Навес предназначен не столько для людей, сколько для защиты электропроводки, питающей двигатель сталевоза. Он сделан из армированного бетона, покрыт сверху огнеупором и все это вьетнамские работяги выполнили на совесть. Когда сверху хлестнул расплавленный металл, навес выдержал.
Но он был недостаточно широк, чтобы мы вольготно расположились в безопасности. Нам приходилось изо всех сил вжиматься спинами в бетон стены, а расплавленная сталь капала с навеса перед самыми нашими носами, и хотя она мгновенно переходила на цементе в твердое агрегатное состояние, ее температура и в этом состоянии была градусов семьсот, не меньше. По стене же, к которой мы прижимались спинами, она текла широким потоком, и стена прогрелась… ну, кладу градусов двести. Кроме того, вокруг нас немедленно загорелось все, что могло гореть – например, рассеянная в воздухе пыль. Мы не наглотались пламени и даже не очень сильно обожглись, но на какое-то время исчезли для всего мира за стеной огня. А потом мир ворвался к нам шипящей струей из огнетушителя.
Мы выскочили из-под навеса, покрытого черными наплывами стали, и с минуту приходили в себя, а бригада печьковша тушила сталевоз. Крановщик, молодец парень, не сплоховал – направил подтекающий ковш к аварийному приямку и начал сливать расплав туда. За стальковшом осталась веселенькая огненная дорожка, из пожарной кишки по ней ударила вода – и сцену затянули клубы пара. Сталевоз выглядел так, будто перенес ядерную бомбардировку. Не помню, как моя каска оказалась в руке – помню, что на ней остались продавленные отпечатки пальцев.
Конечно, все наши куртки сделаны из огнеупорного материала. Но, как уже было сказано, я думаю, что бетонная стена прогрелась градусов до двухсот. Это все равно как если бы куртку гладили прямо на тебе раскаленным утюгом.
Нас всех троих повлекли в медпункт, содрали с нас одежду и залили все тыловые части пантенолом быстрее, чем мы успели сообразить, как нам все-таки больно. Каждый получил по уколу анальгина, после чего мы дожидались «скорой», лежа лицами вниз под простынями на кушетках.
И вот тут наступиает время, когда можно уже чувствовать неловкость.
– Самое удивительное, – Чжан елозит под простыней, пытается почесать спину, – что я не обмочился.
– Что ж тут плохого? – спрашивает Паша, когда я перевожу.
– Мне сейчас очень хочется, и я думаю, как я встану и пойду, когда забрали всю одежду? И куда пойду.
Да. Ближайший туалет в офисе, офис на ночь запирают, а то два ноутбука уже украли.
– Видишь в мусорном ведре бутылку от «Коки»? – показываю. – Я зажмурюсь.
– Ах, – Чжан, кутаясь в простыню, спускает ноги на пол. Я зажмуриваюсь – не от стыда, а потому что даже смотреть холодно, как он идет босыми ногами по кафельному полу.

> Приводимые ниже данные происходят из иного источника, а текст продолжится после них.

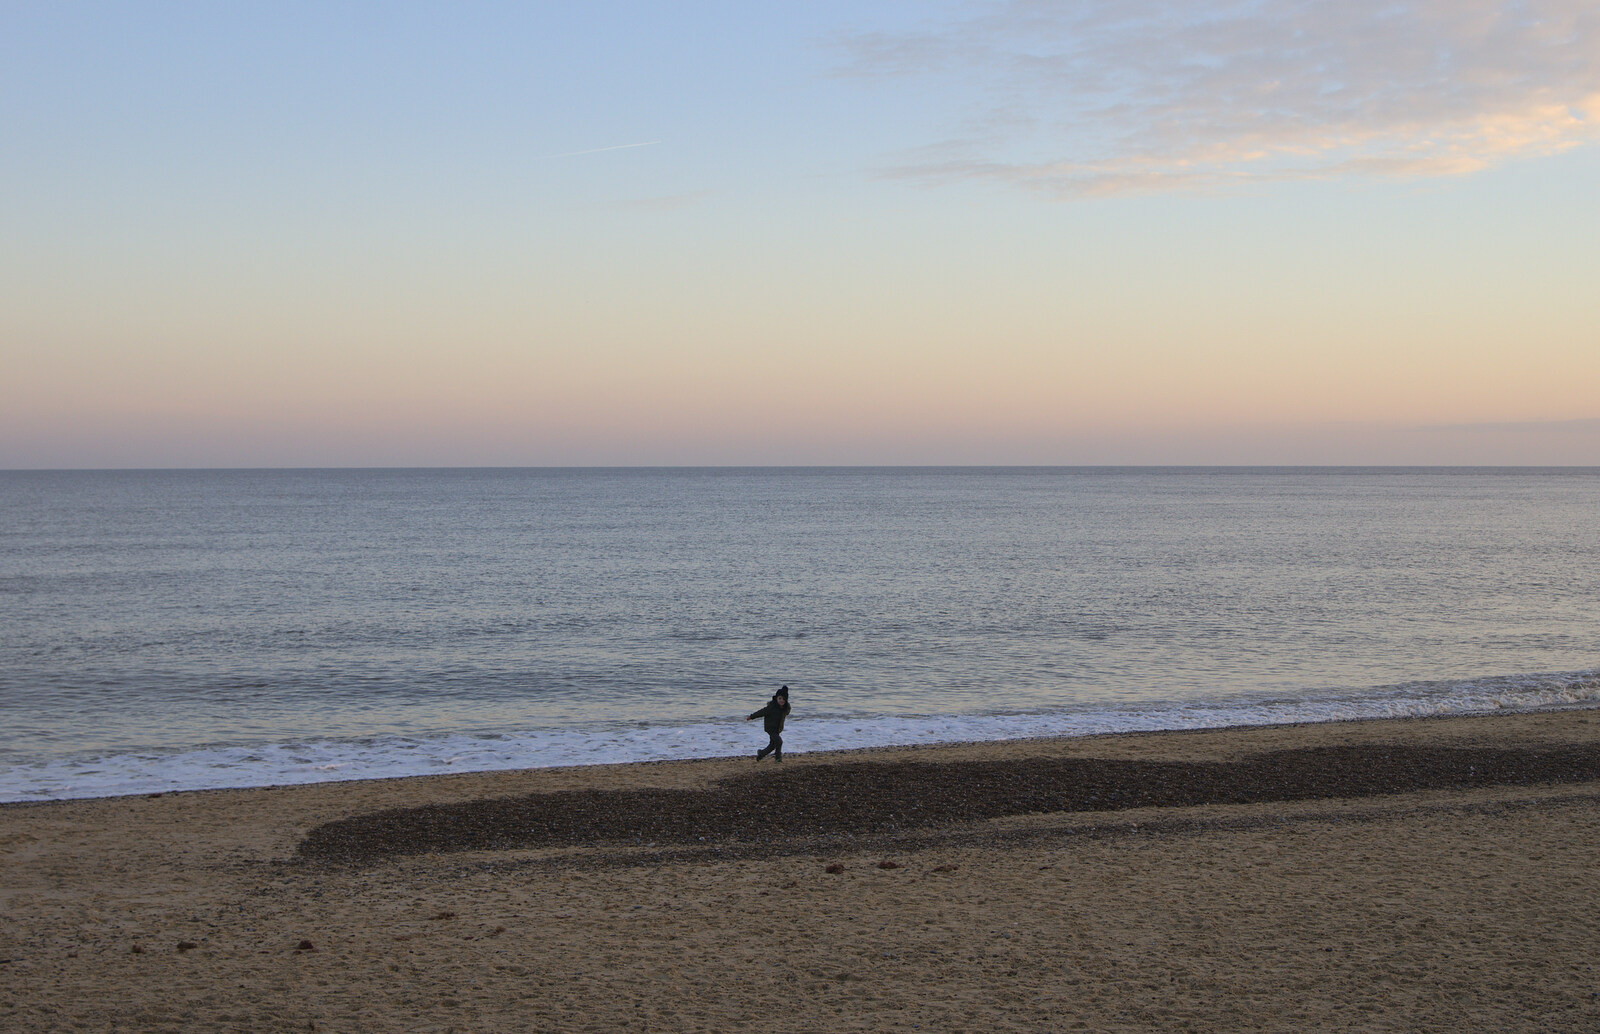 Fred runs around on the beach from Sunset on the Beach, Southwold, Suffolk - 30th December 2014

И тут Пашу прорывает и он начинает нелепо извиняться передо мной.
– За что?
Он замолкает. И я догадываюсь. Он ведь никогда не приставал ко мне с дурацкими вопросами, и я запоздало понимаю, почему.

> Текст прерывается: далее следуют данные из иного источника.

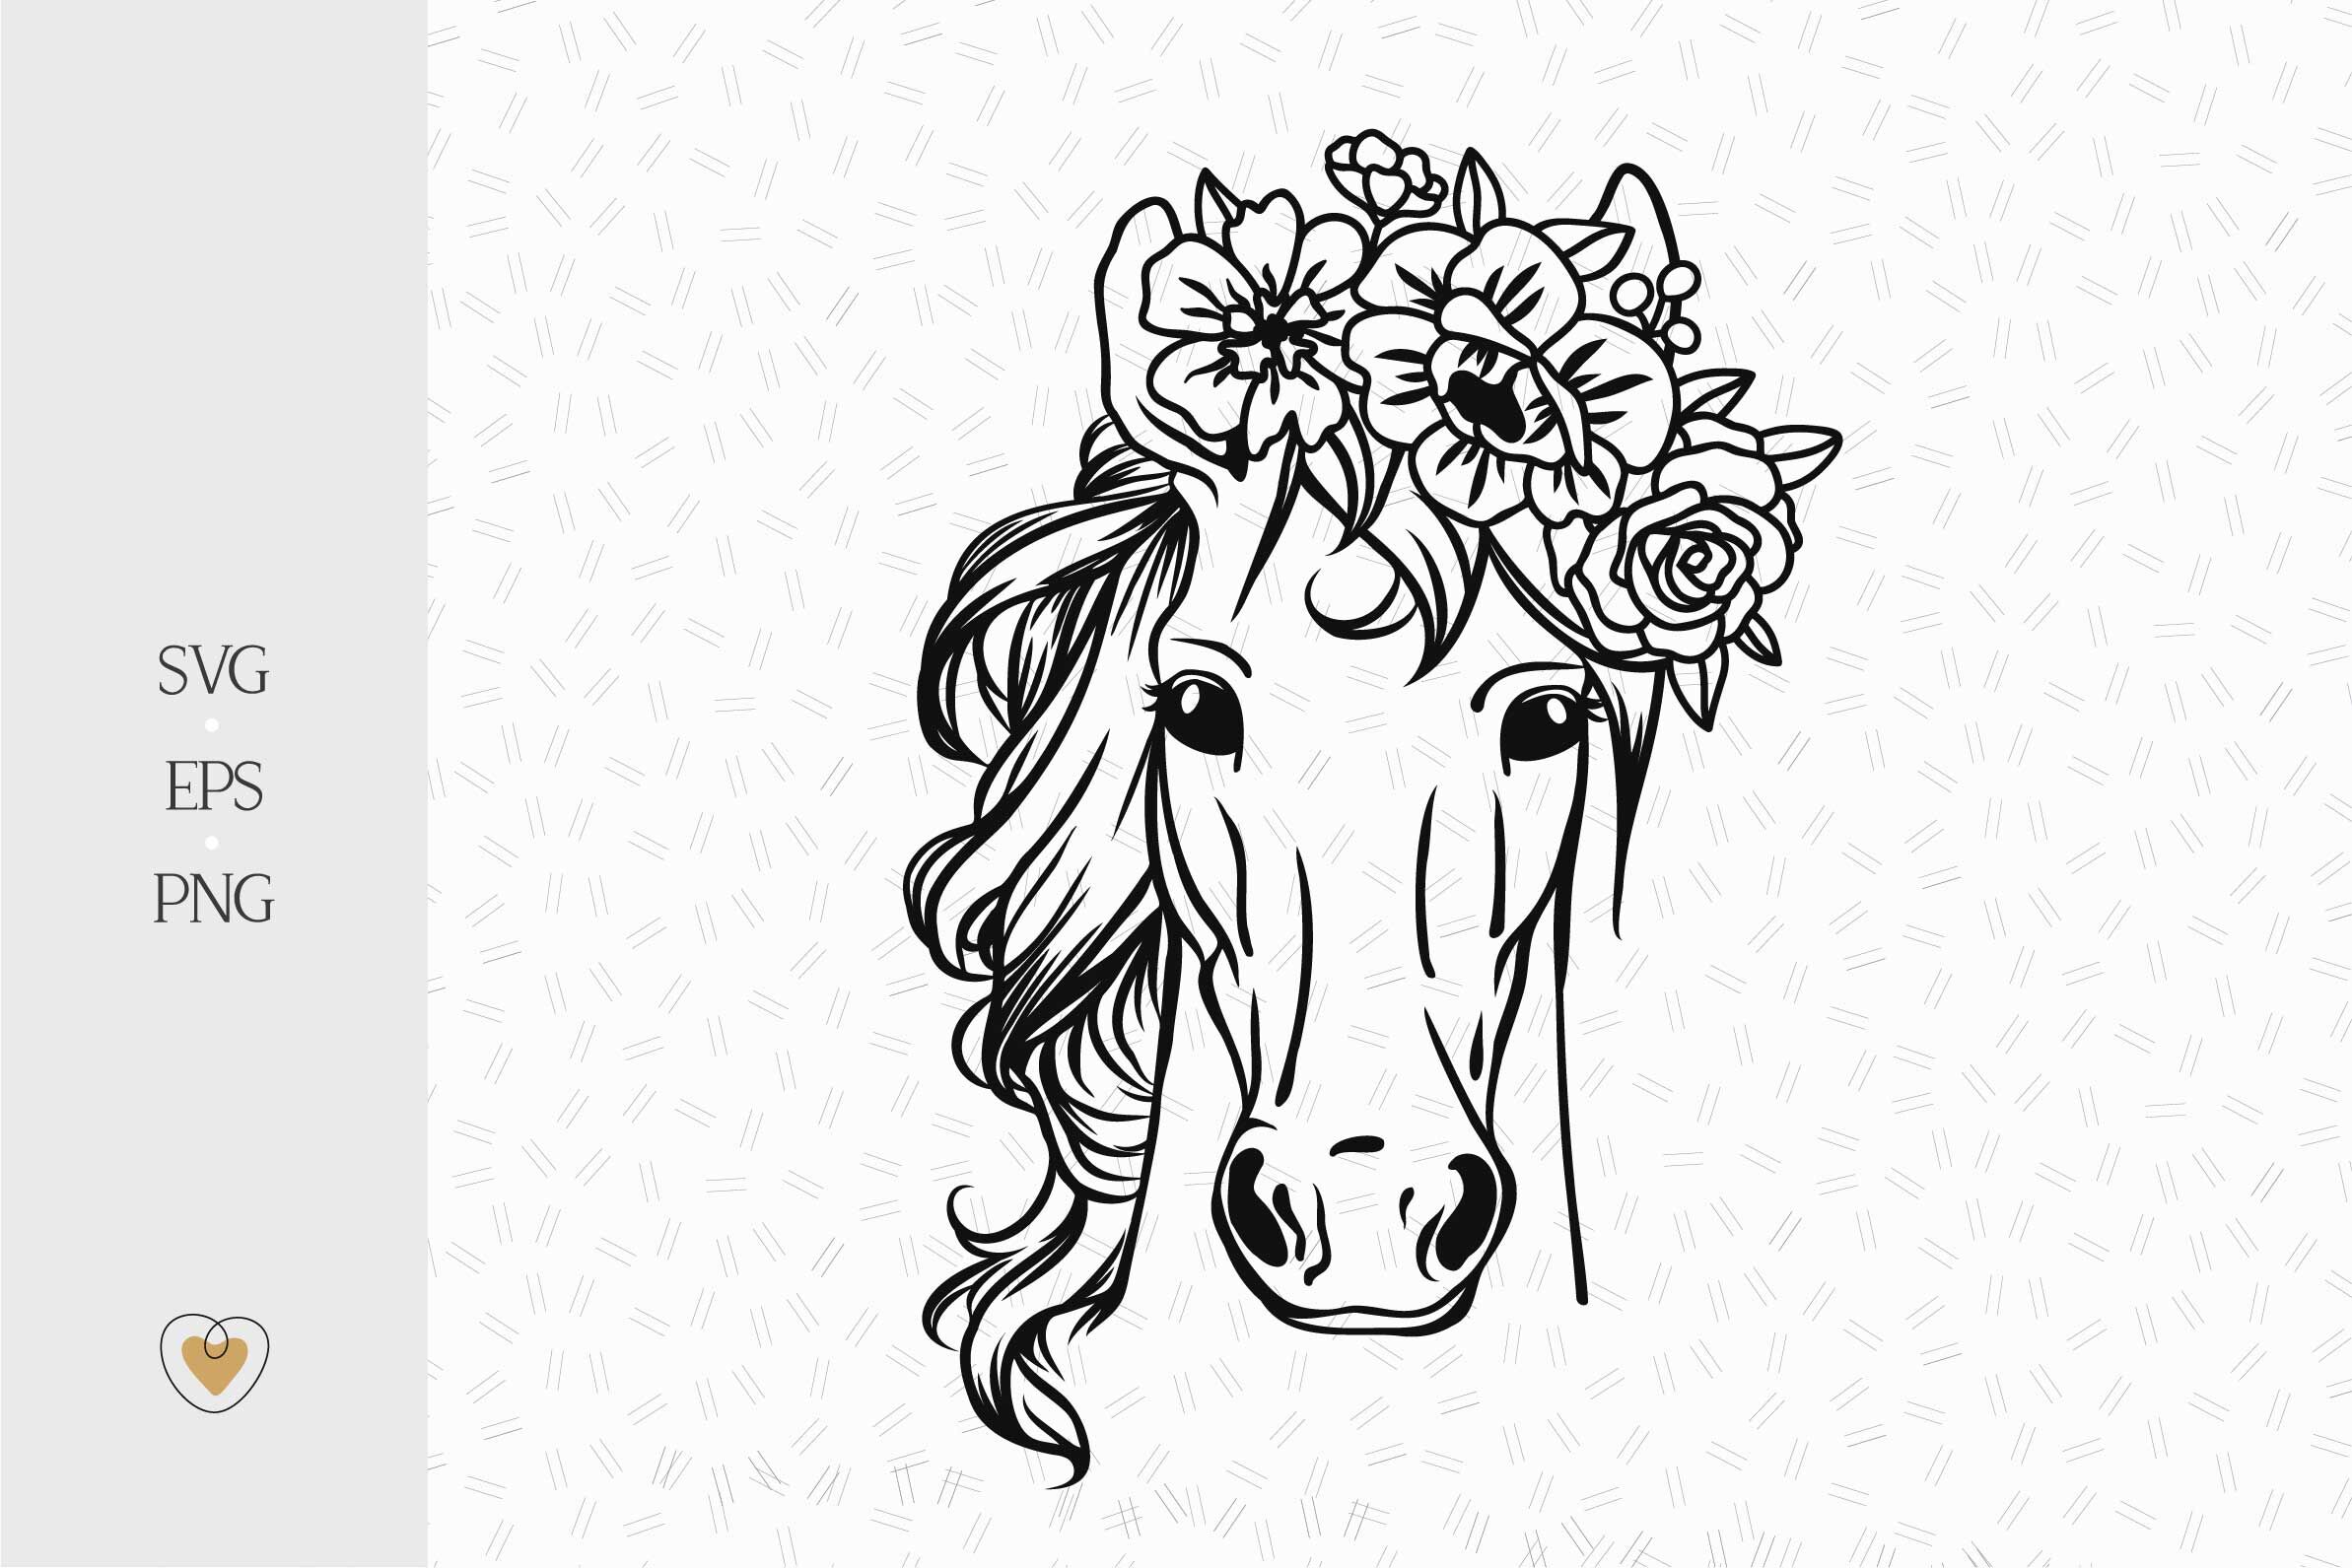 Horse with flower crown svg, Floral horse svg, Horse head By Pretty

Он считал меня искалеченным мужчиной. Ложным гермафродитом или кастратом.
…Парня, который тогда оказался быстрее, звали Саша. Удобное имя. Особенно если в паспорте можно не указывать пол. А в паспорте европейского образца – можно.
– Ты это… на Украине? – спрашивает он. И я, устав от всего и желая только спать, навсегда обрезаю отношения с этим славным парнем:
– В Украине, Паша. В Украине.
***
…Все сложнее, чем ты думаешь, Чжан.
Мы не так уж сильно отличаемся друг от друга. Пожалуй, меньше, чем гуаньчжоусцы от северян. Почти один народ. Многие были даже убеждены, что один. Сами русские, в первую очередь. Но когда они пришли… ты не поверишь, чтобы достать всех, даже тех, кто встречал их цветами – хватило меньше трех месяцев.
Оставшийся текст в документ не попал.